We can revitalize this sort of network if we want to. People might consider reading Parsons’s book Dangerous Grounds if they are looking for lessons on how to organize such a project.
I spoke to Brittany DeBarros, the organizing director of About Face, the post-9/11 veterans group that carries on the legacy of organizations such as Vietnam Veterans Against the War, about how active-duty soldiers should respond to Trump’s mass deportation orders.
“In the coming year, military personnel will face serious moral crossroads under a commander-in-chief who openly mocks the rule of law and Constitution,” she told me. “The idea that a president would unleash the U.S. military on our neighborhoods to round up our hardworking neighbors is disgusting. Troops have a responsibility to refuse illegal orders and a duty to resist immoral ones. It’s in these moments where we have something to lose that we decide what our values really mean to us.”
Active-duty soldiers must be reminded that migrants fleeing north are escaping political repression and economic devastation, and are simply seeking a better life in a country that has the resources and ability to redistribute them if we choose. Active-duty soldiers need to be reminded that much of the reason these people are fleeing their homes is also because of the U.S. meddling in their countries’ elections, overthrowing democratically elected leaders, and generally pillaging countries below our southern border for their resources.
Active-duty soldiers should also understand that the attempt by the ruling class to demonize those seeking a better life in the U.S. employs an age-old divide-and-conquer tactic that serves only to distract from vast wealth the ruling class steals from the poor and working class.

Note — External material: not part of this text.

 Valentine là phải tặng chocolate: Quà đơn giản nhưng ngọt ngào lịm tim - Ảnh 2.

Immigrants, or those with little to no political power, no military power, no wealth to buy elected officials, aren’t the ones that are stealing from U.S. citizens. It’s the Trumps, Musks and Bezoses who are the ones robbing us. Those who believe the military should be an occupying force in order to attack poor people are those who have taken their eyes off the true enemy of the people: the billionaire ruling class.

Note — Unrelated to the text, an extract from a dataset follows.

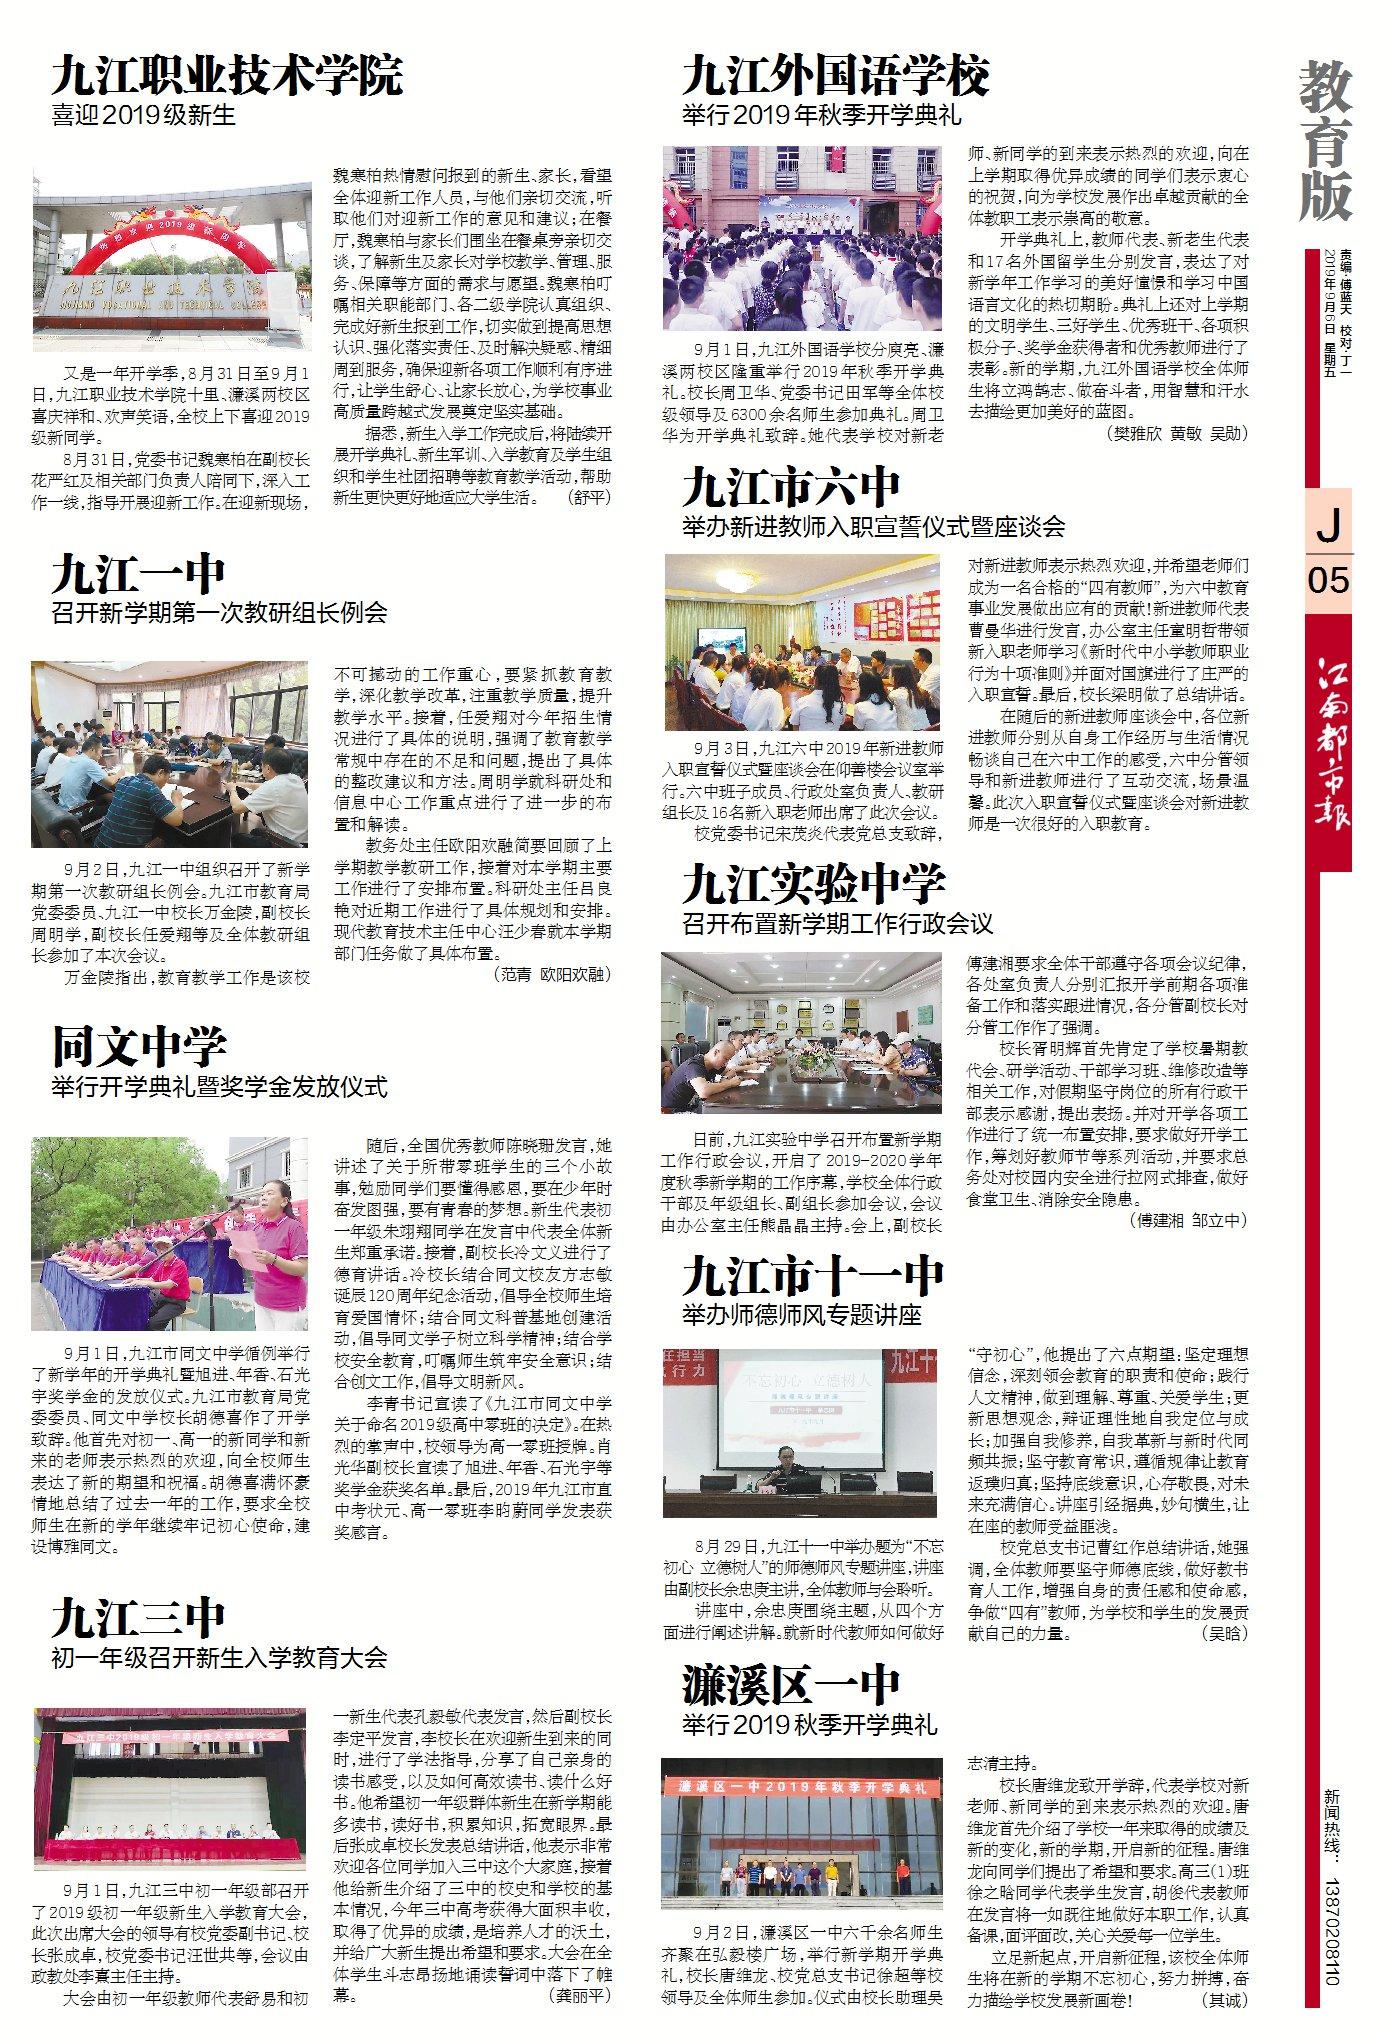 2019年9月6日江南都市报《亚博体育app苹果新闻》5版

In the last five years, the world has faced the perils of COVID-19; a potential nuclear war as a result of Russia’s invasion of Ukraine, and Biden’s dangerous escalation of the conflict; one climate disaster after another; and a live-streamed genocide in Gaza. Now we are faced with another Trump administration.
The impulse to retreat into books, video games, or other forms of escape needs to be understood and respected. It reflects the very real need for a sense of safety that at times requires taking time for ourselves, even during crisis. But ultimately, that safety can’t be assured if we only retreat. As the abolitionists tell us, we keep us safe.
Now is also the time to figure out how to make space to collectively challenge these immoral policies, at a faster pace perhaps than we feel ready for. Collectively we have the power to resist creeping fascism.
As Trump tries to implement policies of mass harm, we all may face unreasonable orders by our bosses, landlords, politicians and police — and we all must be ready to refuse them. The targets of reactionary political decisions may not have an escape.